[Tutor] run with default value if input not given

Peter Otten __peter__ at web.de
Mon Oct 29 09:14:04 CET 2012


Saad Javed wrote:

> Hi,
> 
> #!/usr/bin/env python
> 
> import sys
> 
> x = 'Saad is a boy'
> 
> def main(x):
> a = []
> b = x.split(' ')
> for item in b:
> a.append(item)
> print a
> if __name__ == '__main__':
> x = sys.argv[1]
> main(x)
> 
> 
> How can I make this program run with the default value of x if I don't
> specify an argument at the command line?
> It should do this:
> 
> saad at saad:~$ python test.py "Mariam is a girl"
> ['Mariam', 'is', 'a', 'girl']
> 
> saad at saad:~$ python test.py
> ['Saad', 'is', 'a', 'boy']
> 
> But the simply running "test.py" gives:
> Traceback (most recent call last):
>   File "input_test.py", line 13, in <module>
>     x = sys.argv[1]
> IndexError: list index out of range
> 
> 
> Saad

The argparse module (see <http://docs.python.org/2/library/argparse.html>)
offers a flexible way to specify command line arguments. Your program would 
look like this:

$ cat optional_arg.py
#!/usr/bin/env python
import argparse

def main():
    parser = argparse.ArgumentParser(
        description="Print a sentence as a list of words")
    parser.add_argument(
        "sentence", nargs="?",
        default="Mary had a little lamb")

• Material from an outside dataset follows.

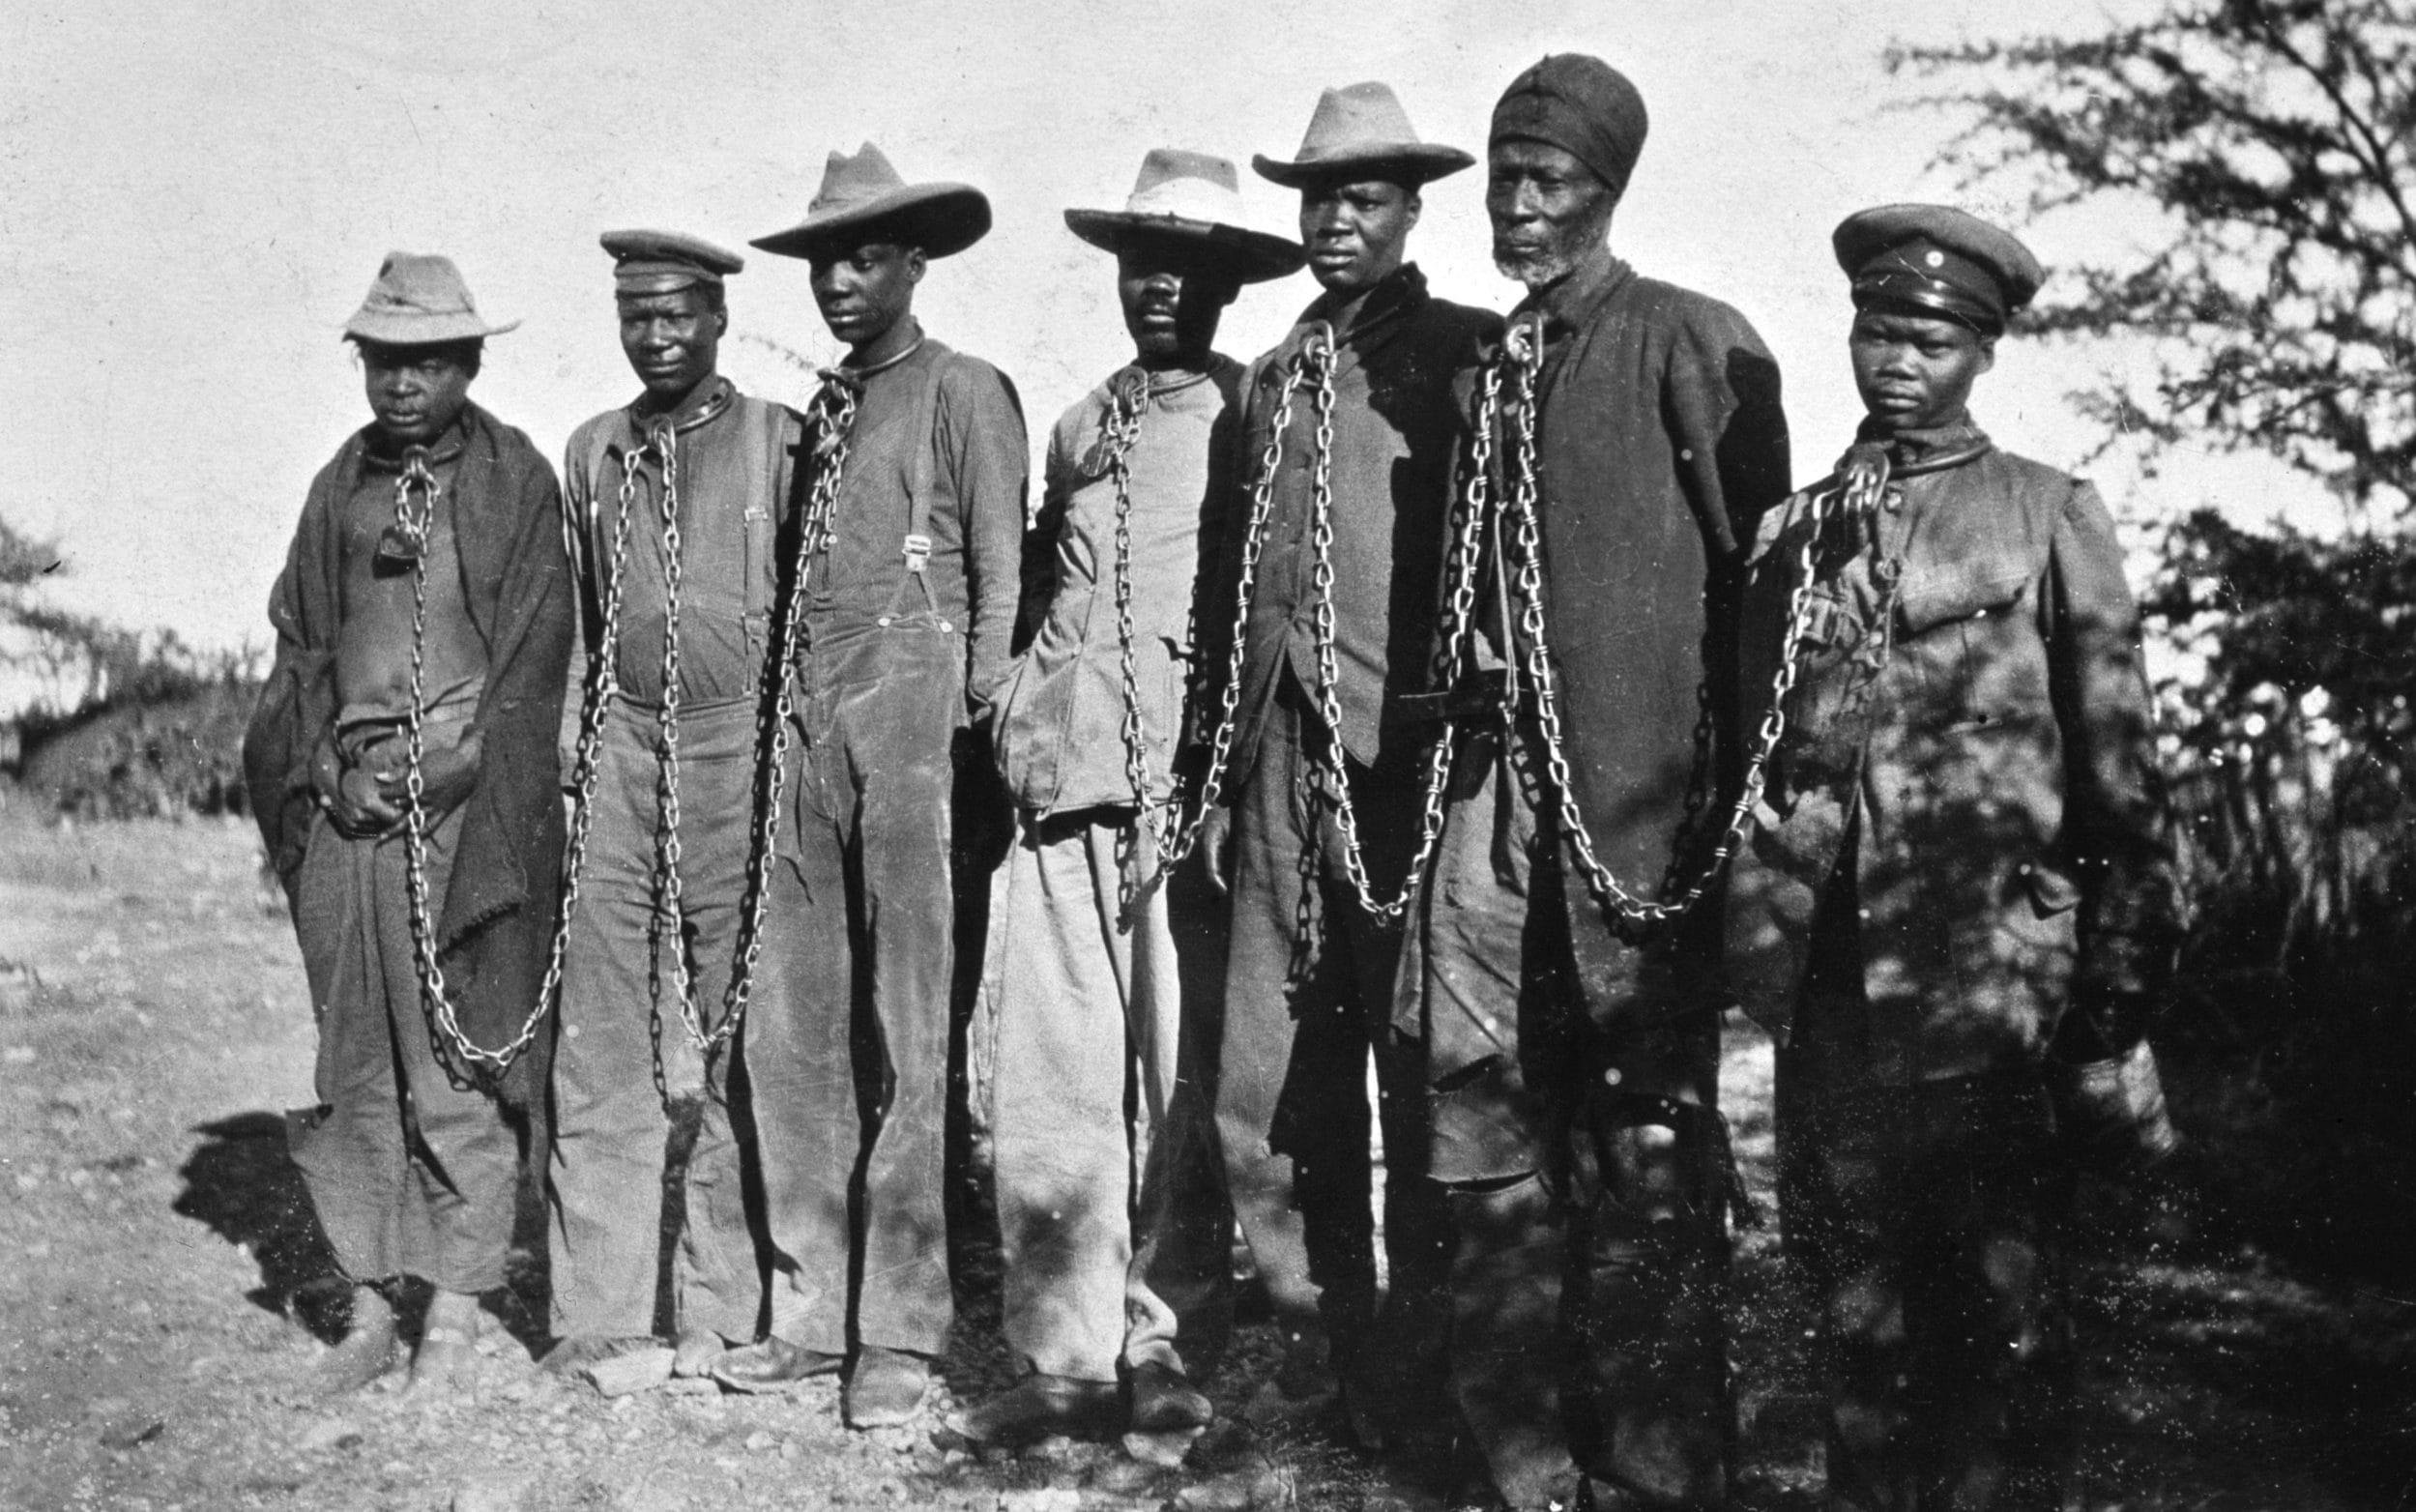 Alemania acuerda pagar a Namibia 1.300 millones de dólares por el histórico genocidio herero-nama

    args = parser.parse_args()

    words = args.sentence.split()
    print words

if __name__ == "__main__":
    main()

...and work like this:

$ ./optional_arg.py
['Mary', 'had', 'a', 'little', 'lamb']
$ ./optional_arg.py "That's all folks"
["That's", 'all', 'folks']

It would include help...

$ ./optional_arg.py -h
usage: optional_arg.py [-h] [sentence]

Print a sentence as a list of words

positional arguments:
  sentence

optional arguments:
  -h, --help  show this help message and exit

...and basic error reporting:

$ ./optional_arg.py That\'s all folks
usage: optional_arg.py [-h] [sentence]
optional_arg.py: error: unrecognized arguments: all folks

almost for free. So even if you find argparse too complex right now keep in 
mind that it exists until you are comfortable enough with Python to start 
making use of more parts of its standard library.